BB FlashBack (full version) is a real head turner. This relative newcomer to the field is extremely capable, and has some tricks up its sleeves that we loved, which the other companies would do well to copy. For example, the ability to preview the movie at fast or slow speeds, and the ability to slow down or speed up sections in the final output. It has a great timeline interface, and we personally found that the cursor effects and cursor movements in produced output movies were the most pleasant to look at of all the programs; this alone is reason enough to give BB FlashBack a strong consideration. Editing inside BB FlashBack is sub-par, and modifying audio can be painful. The program also occasionally shows it's young age with some quirks that we expect will get solved over time (multimonitor support in particular and some bugs in handling with multiple audio tracks).
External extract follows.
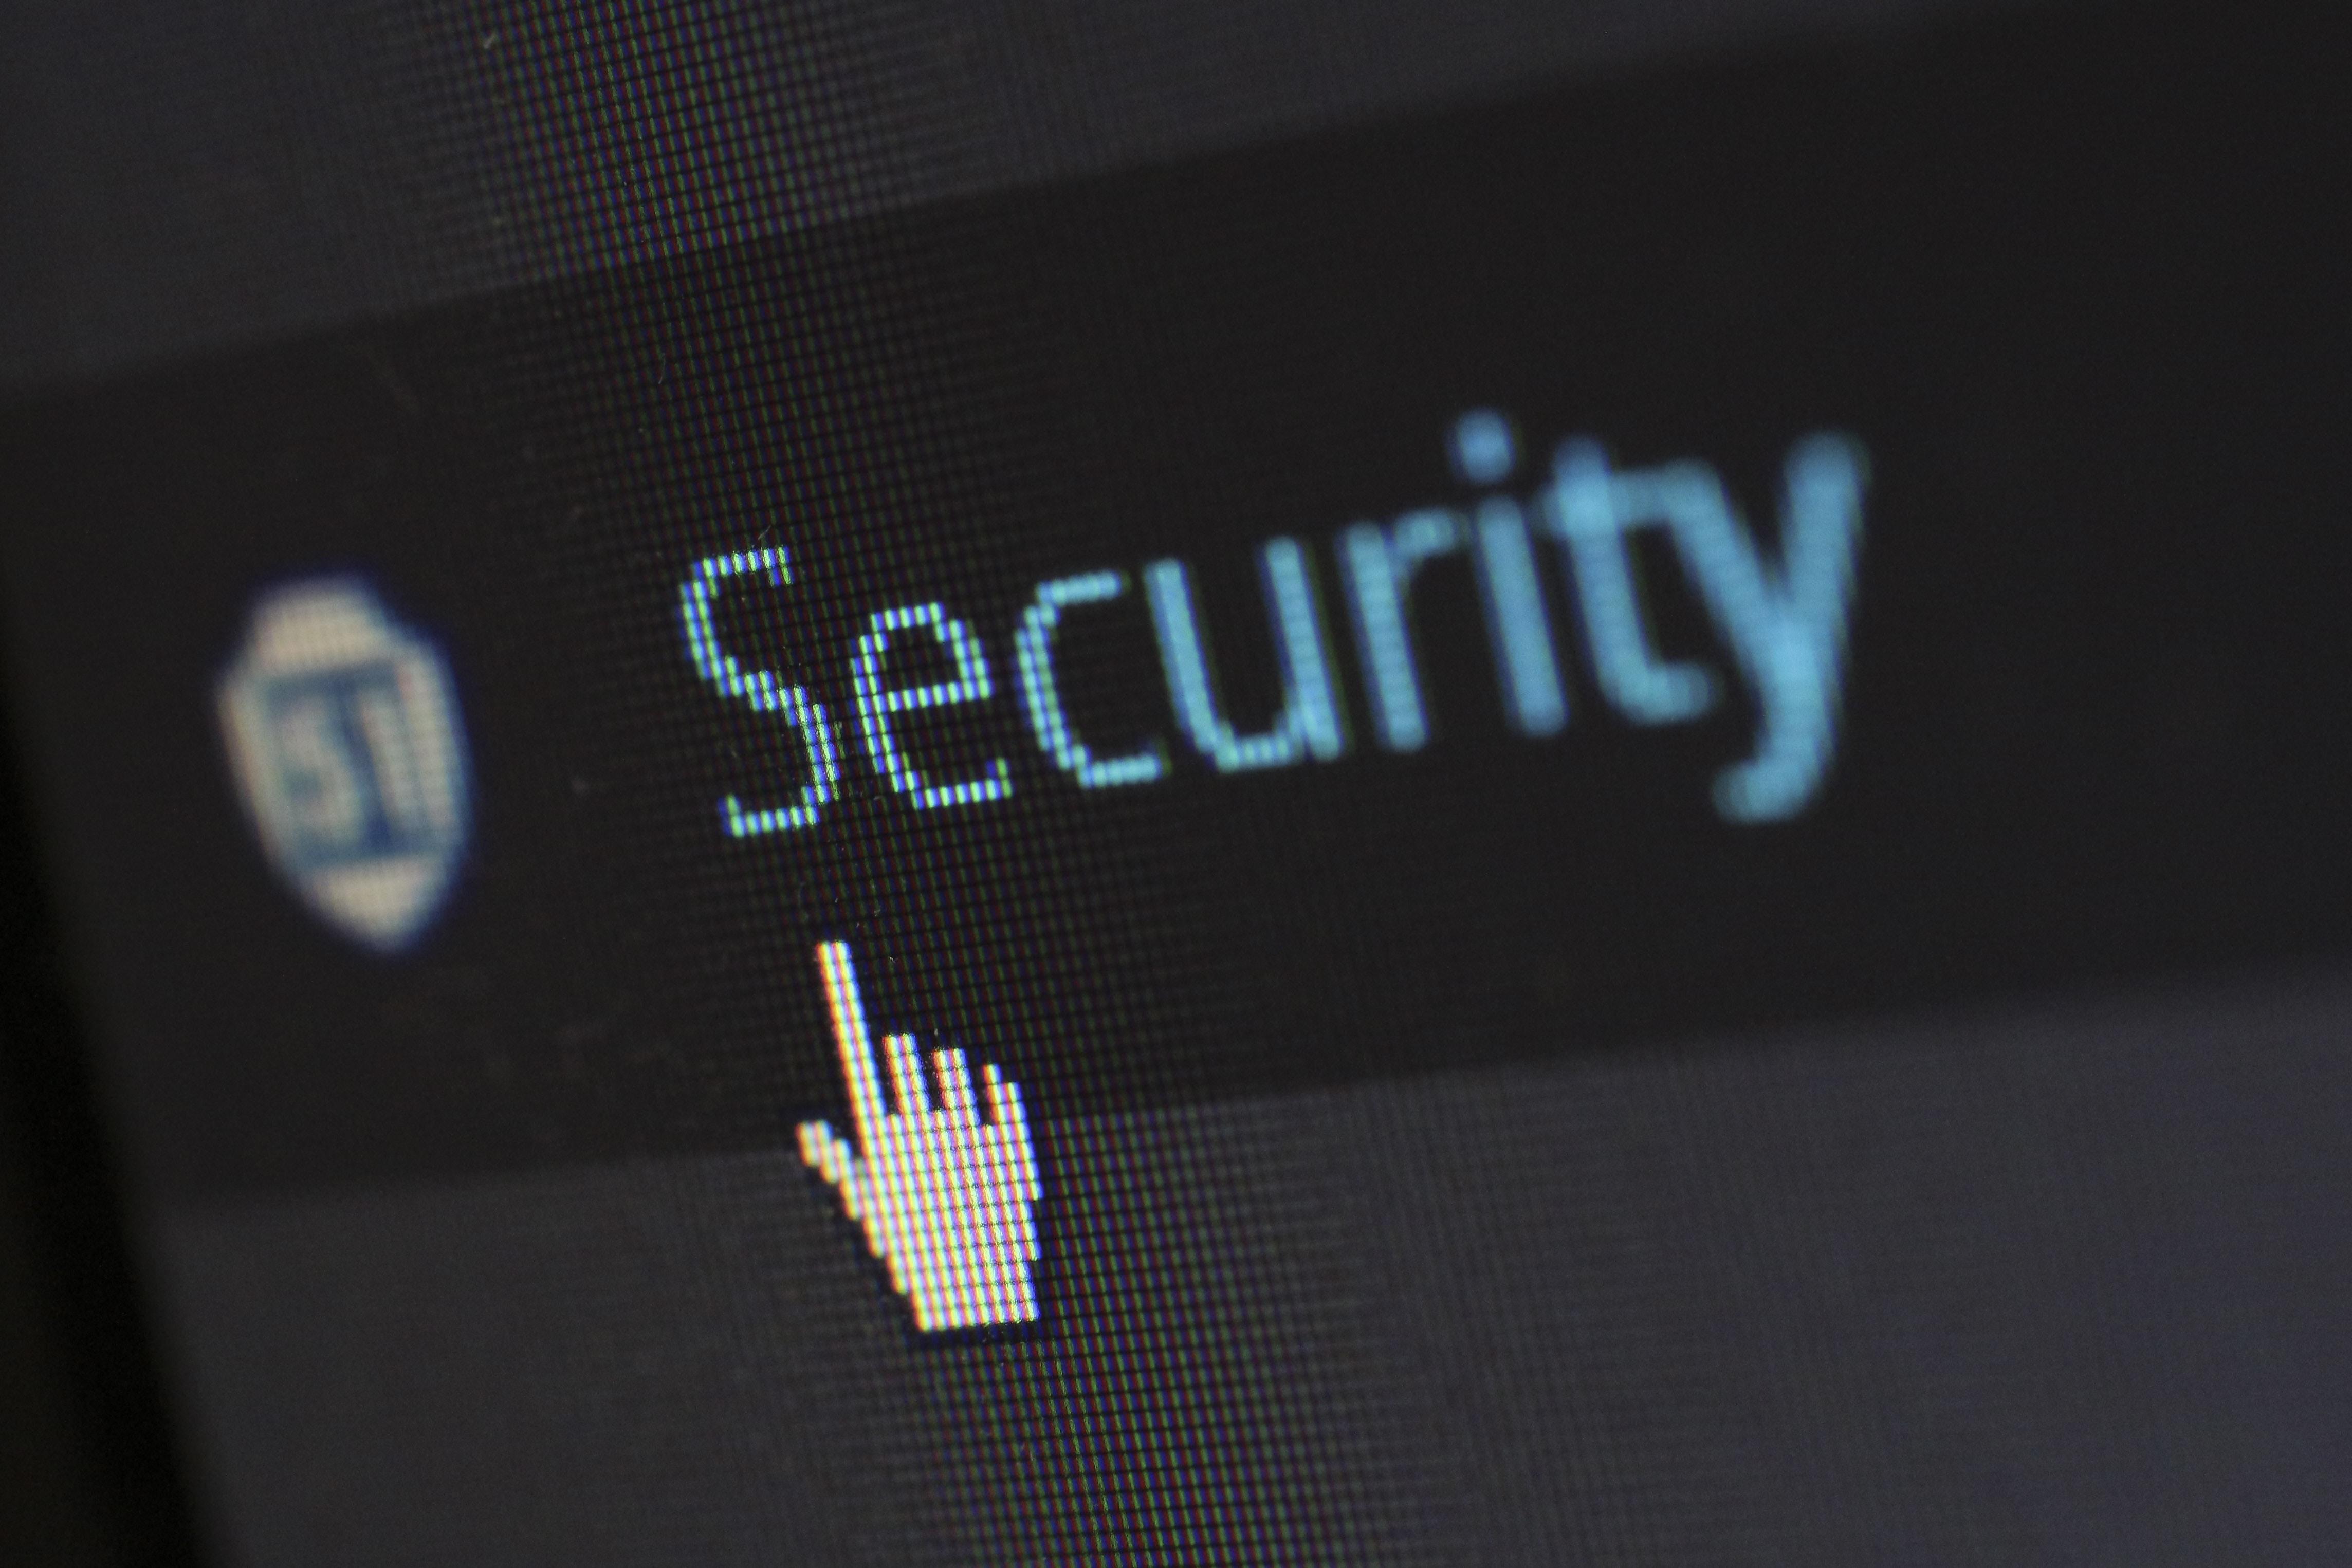 crm data breach

Macromedia Captivate is an odd product with an odd history. After buying out RoboDemo, Macromedia has mostly improved the program, though they removed the ability to save files in anything but Macromedia Flash format. This is a good example of hurting one program to boost the market share of another. That's ugly. Captivate is also the slowest program of all those we tested, by a large margin. Sometimes excruciatingly so. So how did Captivate make our best-in-class list? Well, Captivate represents the best example of the "slide-based" approach to making demos, and has interactive functionality that the other programs can only dream of. The interface is similar to powerpoint; rather than a linear timeline; a slide is a short snippet of a movie, or an interactive chunk, which can be moved around, independently narrated, scripted, etc. Macromedia makes it easy to create quizzes and tests and do advanced scripting, branching, and database access. And it does this while also providing excellent quality movie recording. So if you have need for advanced interaction, and interactive tutorials, then Macromedia Captivate is the easy choice for you - no other program does it as well and also provides such good movie recording. If you don't have a need for such features, you'll be happier with a different program.


We are happy to be able to bring our members a 50% discount on purchases of BB FlashBack and BB FlashBack Express. Even if you're just curious about screencasting, this makes the price of BB FlashBack Express only $20, an incredible offer that everyone should consider taking advantage of.
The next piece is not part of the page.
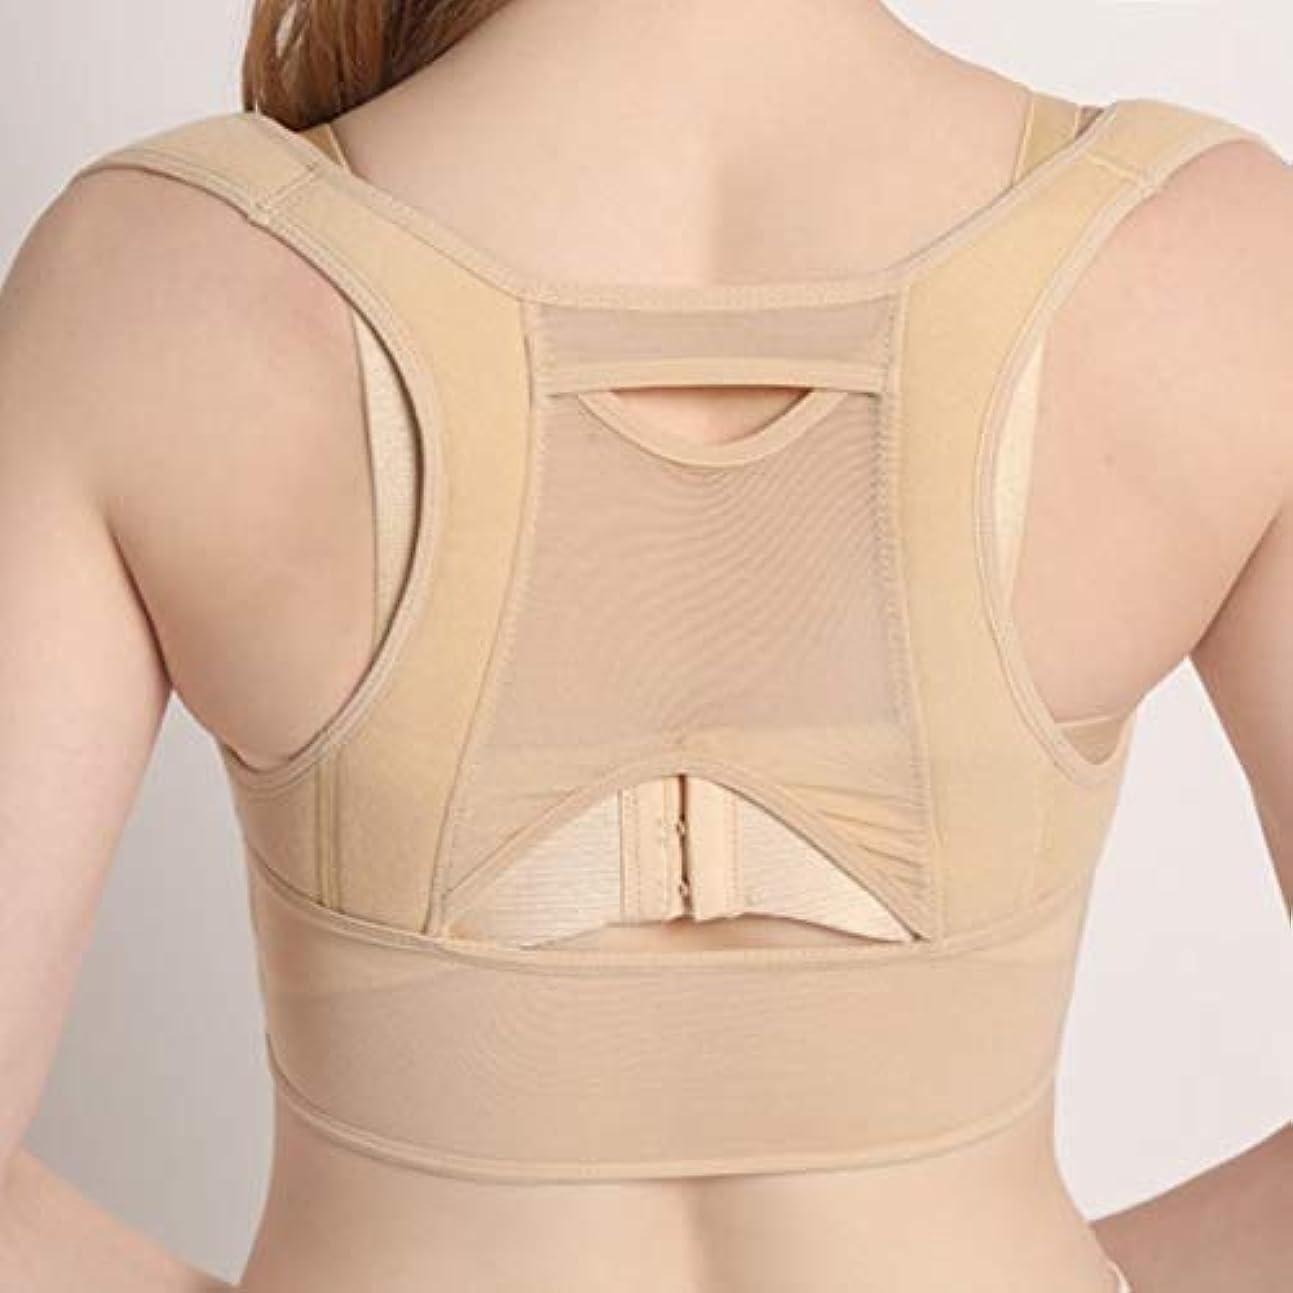 不合格毒液思い出させる通気性のある女性の背中の姿勢矯正コルセット整形外科の背中の肩の背骨の姿勢矯正腰椎サポート - ベージュホワイトL
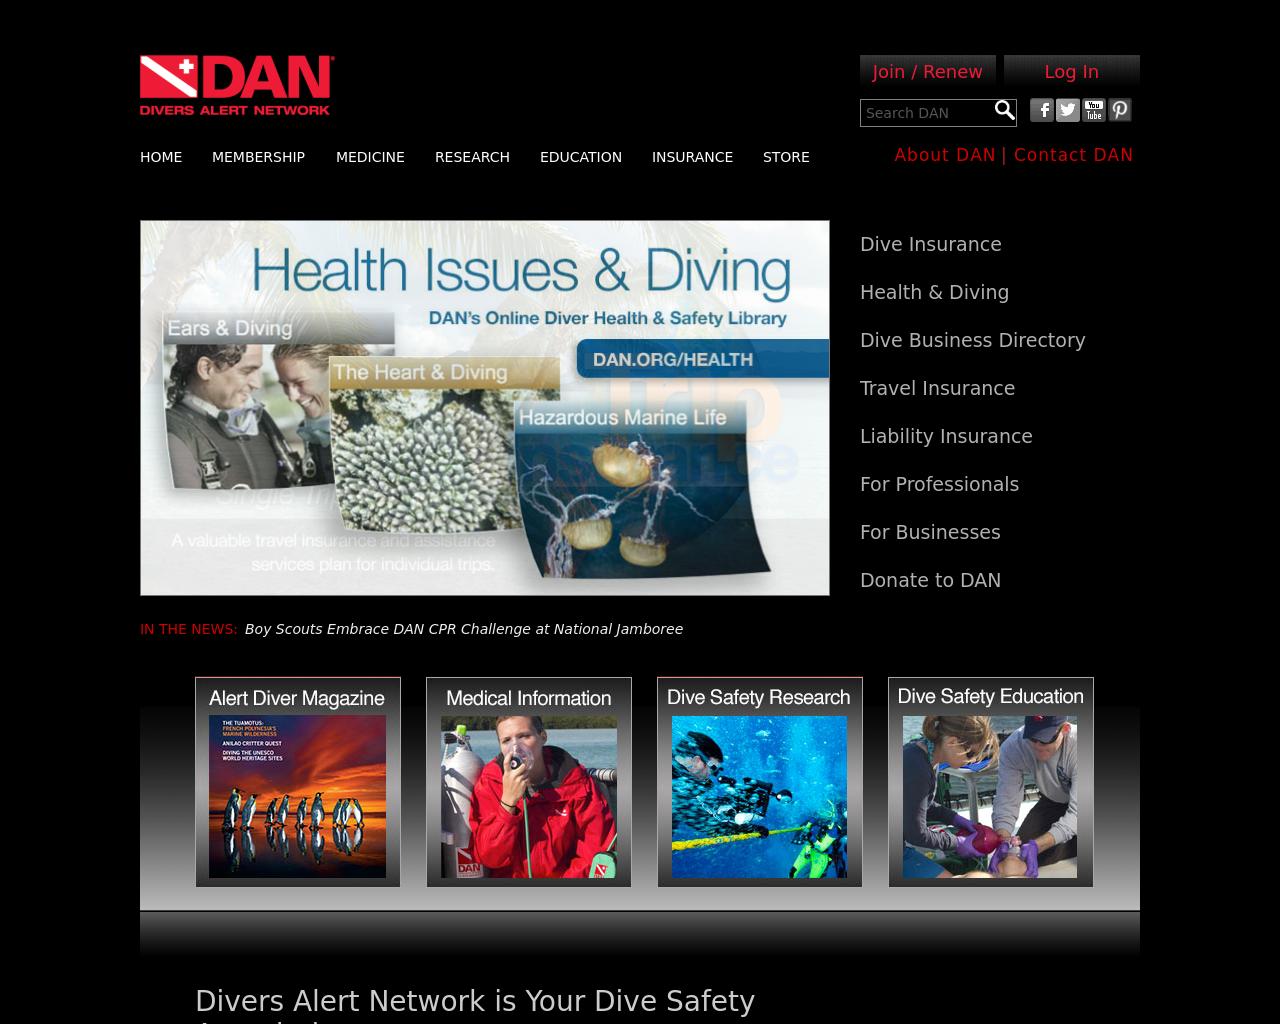 Divers-Alert-Network-(DAN)-Advertising-Reviews-Pricing

We are also very happy to announce that TechSmith has generously decided to donate to our site 5 copies of their brand new Camtasia Studio 3 due out at the end of June. These copies will be given out to members of the site (see details on forum).
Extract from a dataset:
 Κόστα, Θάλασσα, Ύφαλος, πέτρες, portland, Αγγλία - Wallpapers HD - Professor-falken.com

Members, redeem your discount here..


NOTE: Kudos to both of these companies, TechSmith and blueberry consultants. Their representatives were friendly to the ideas behind, were responsive to our emails, and additionally, were both interested in hearing suggestions about how their programs could be improved. Blueberry especially impressed us with their keen interest in making their program as good as it can be. We look forward to the development of their products and will keep you informed.

Macromedia and Qarbon did not respond to email inquiries.